Graphite Diamond Outshines Noisy Async Coding Agents, Jessie Frazelle Finds

Jessie Frazelle’s Agentic Engineering session tested async coding agents on real production code. Most added noisy, low-value comments; Graphite Diamond stood out by interjecting only on substantive issues, boosting usefulness while still requiring human verification.
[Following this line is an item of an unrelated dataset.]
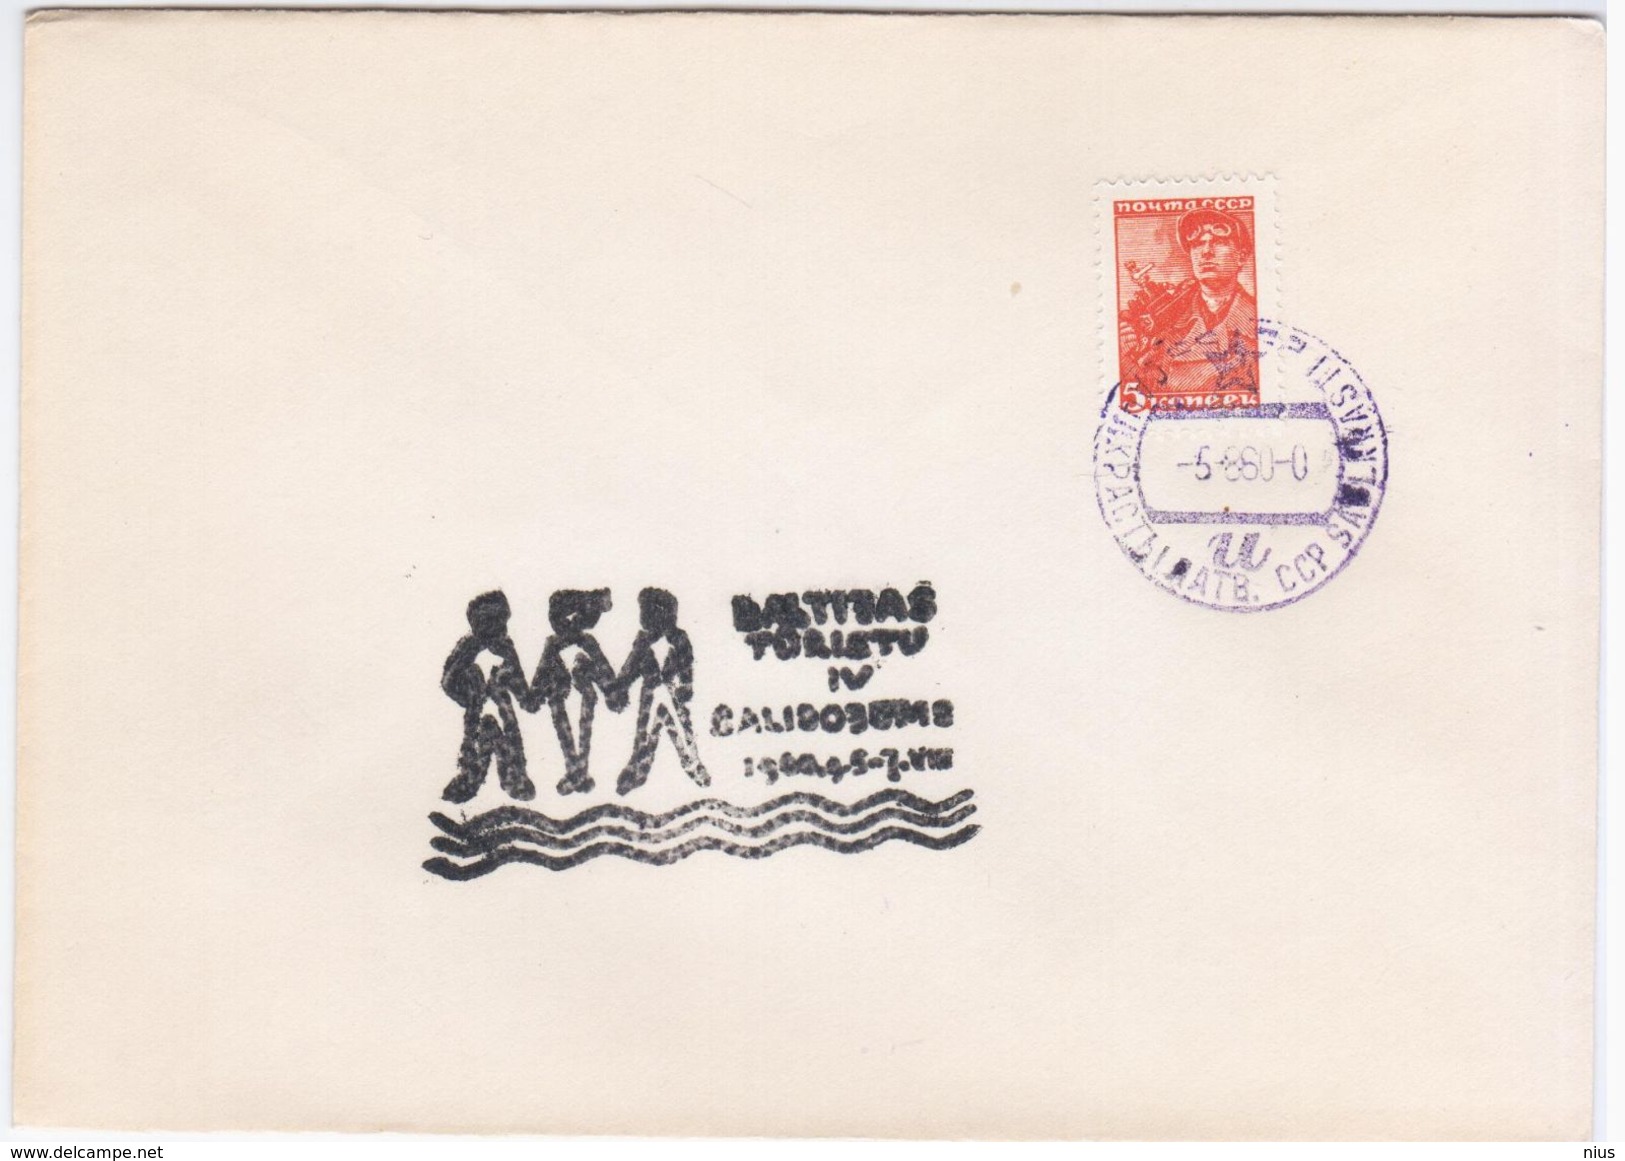 Latvia USSR 1960 TOURISM HEALTH CARE, Envelope, Canceled In Saulkrasti - Latvia

Graphite Diamond Outshines Noisy Async Coding Agents, Jessie Frazelle Finds

TL;DR

  • Most async agents generate low-value noise; Copilot and Sourcery noted for commenting on every PR, producing hallucinated summaries, and sometimes editing reviewer comments.
  • Graphite Diamond: doesn't comment unless it finds substantive issues; flagged real bugs across Rust, C++, Python, and TypeScript (math bugs in CAD, subtle logic errors, DSL variable mismatches); configurable prompts and CI-friendly behavior. https://diamond.graphite.dev/
  • Trust, but verify: suggestions treated as a second pair of eyes, not a replacement; inspect outputs for high-stakes subsystems (geometry solvers, manufacturing instruction generators) and unfamiliar languages.
  • Practical takeaway: async agents are not a panacea; value comes from restraint, meaningful interventions, and careful integration into workflows.
  • Further resources: full session on YouTube; Agentic Engineering; Zed Download now; Join the team

Jessie Frazelle’s recent Agentic Engineering session evaluated a range of async coding agents against real production code, and the standout was Graphite Diamond — not because it talked the most, but because it spoke only when it had something substantive to add.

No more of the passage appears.